- Active: March 29, 1968
- Country: Canada
- Branch: Royal Canadian Air Force
- Type: Aviation squadron
- Motto: By air to battle

Aircraft flown
- Helicopter: CH147F Chinook

= 450 Tactical Helicopter Squadron =

450 Tactical Helicopter Squadron is a Royal Canadian Air Force helicopter squadron. During the Second World War, the numerical designation of 450 was originally given to No. 450 Squadron of the Royal Australian Air Force, which flew under that number from 1941 until 1945 in the Middle East and Italy. Canadian Article XV squadrons during the Second World War had used numbers from 400 to 449; however, due to an administrative error, the "450" designation was used when squadron formed at RCAF Station St. Hubert, Quebec, on March 29, 1968.
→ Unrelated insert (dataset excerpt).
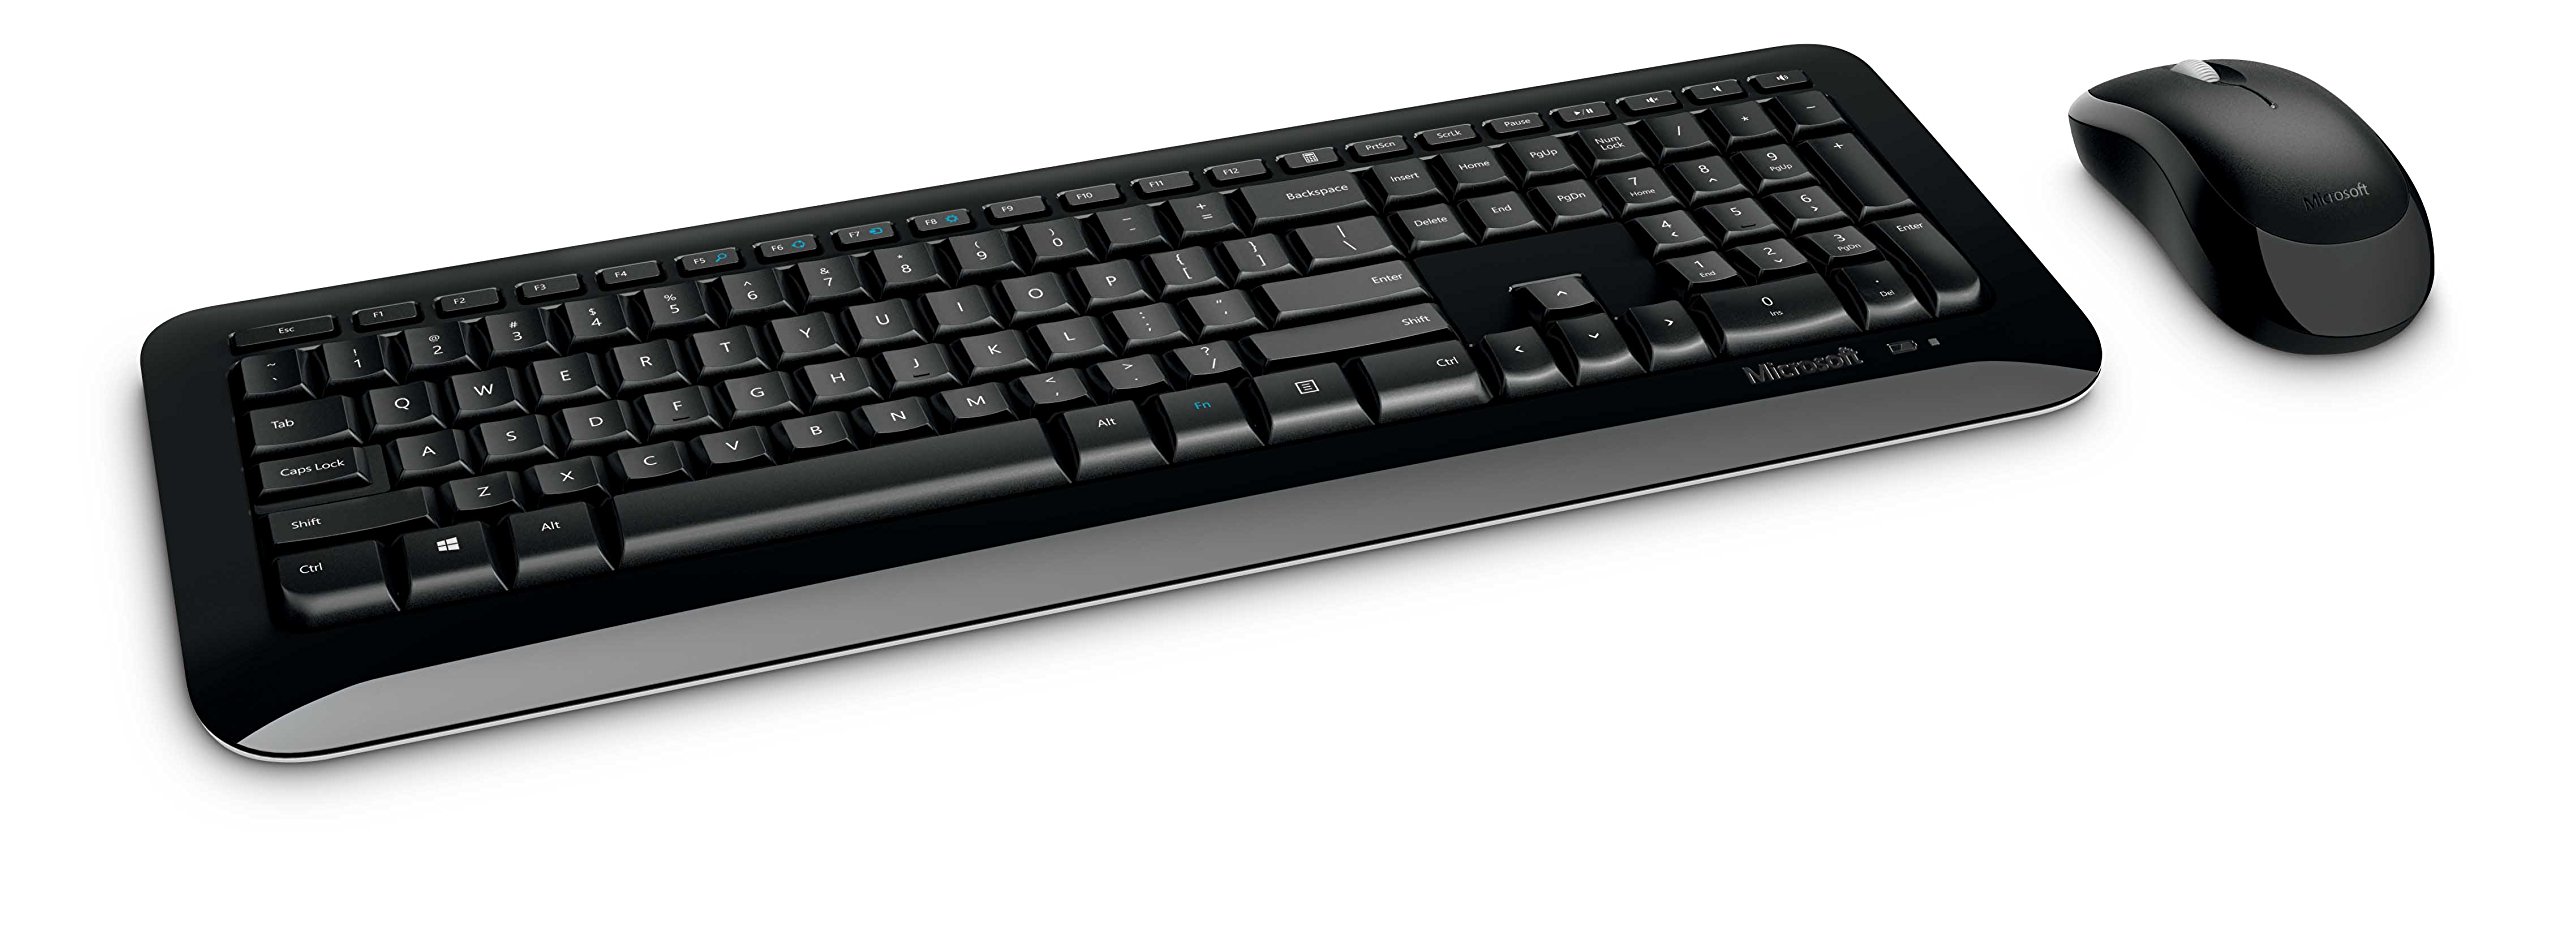 Microsoft Wireless Desktop 850 with AES ) - Black. Wireless Keyboard and Mouse Combo. Snap-In USB Transciever. Right/Left Hand Use Mouse
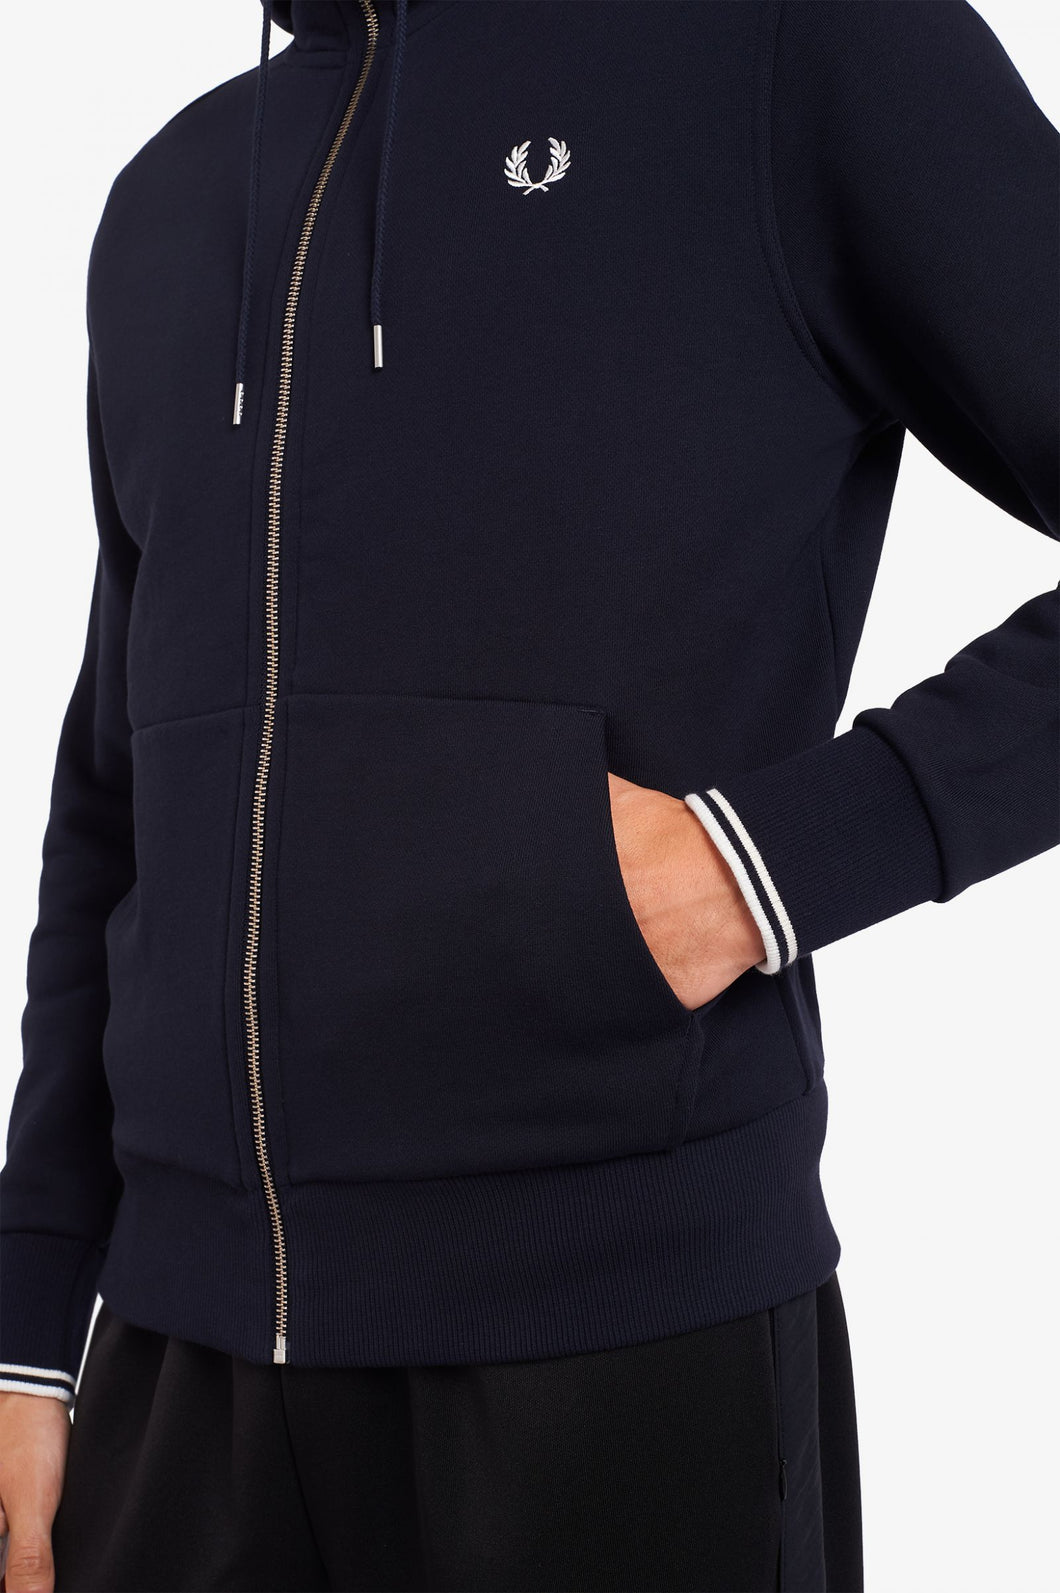 Sweat Capuche Fred Perry

The squadron moved to CFB Ottawa (Uplands) in May 1970 and the squadron received Royal Assent for the designation 450 Transport Helicopter Squadron on May 20, 1970. On August 1, 1991, the squadron was re-designated 450 Composite Helicopter Squadron. This was followed by another name change on April 1, 1993, when the squadron became 450 Tactical Helicopter Squadron. In August the following year, 450 Tactical Helicopter Squadron was transferred back to 1 Wing at CFB St. Hubert.

450 Squadron was deactivated in 1996 before being officially disbanded on January 1, 1998. On May 2, 2012, the squadron was re-established to operate the CH-147F Chinook helicopters of the Royal Canadian Air Force, based out of CFB Petawawa.

The squadron has a dedicated concrete helipad, measuring 160 × 160 ft, at Petawawa Heliport.

On June 20, 2023, there was an unknown incident over the Petawawa River involving one of the CH-147F helicopters. There were 4 crew on board at the time, 2 of whom were sent to hospital with non-life-threatening injuries while the search continued for the remaining 2. On June 21, 2023, the bodies of the remaining 2 crew members were recovered from the Ottawa River.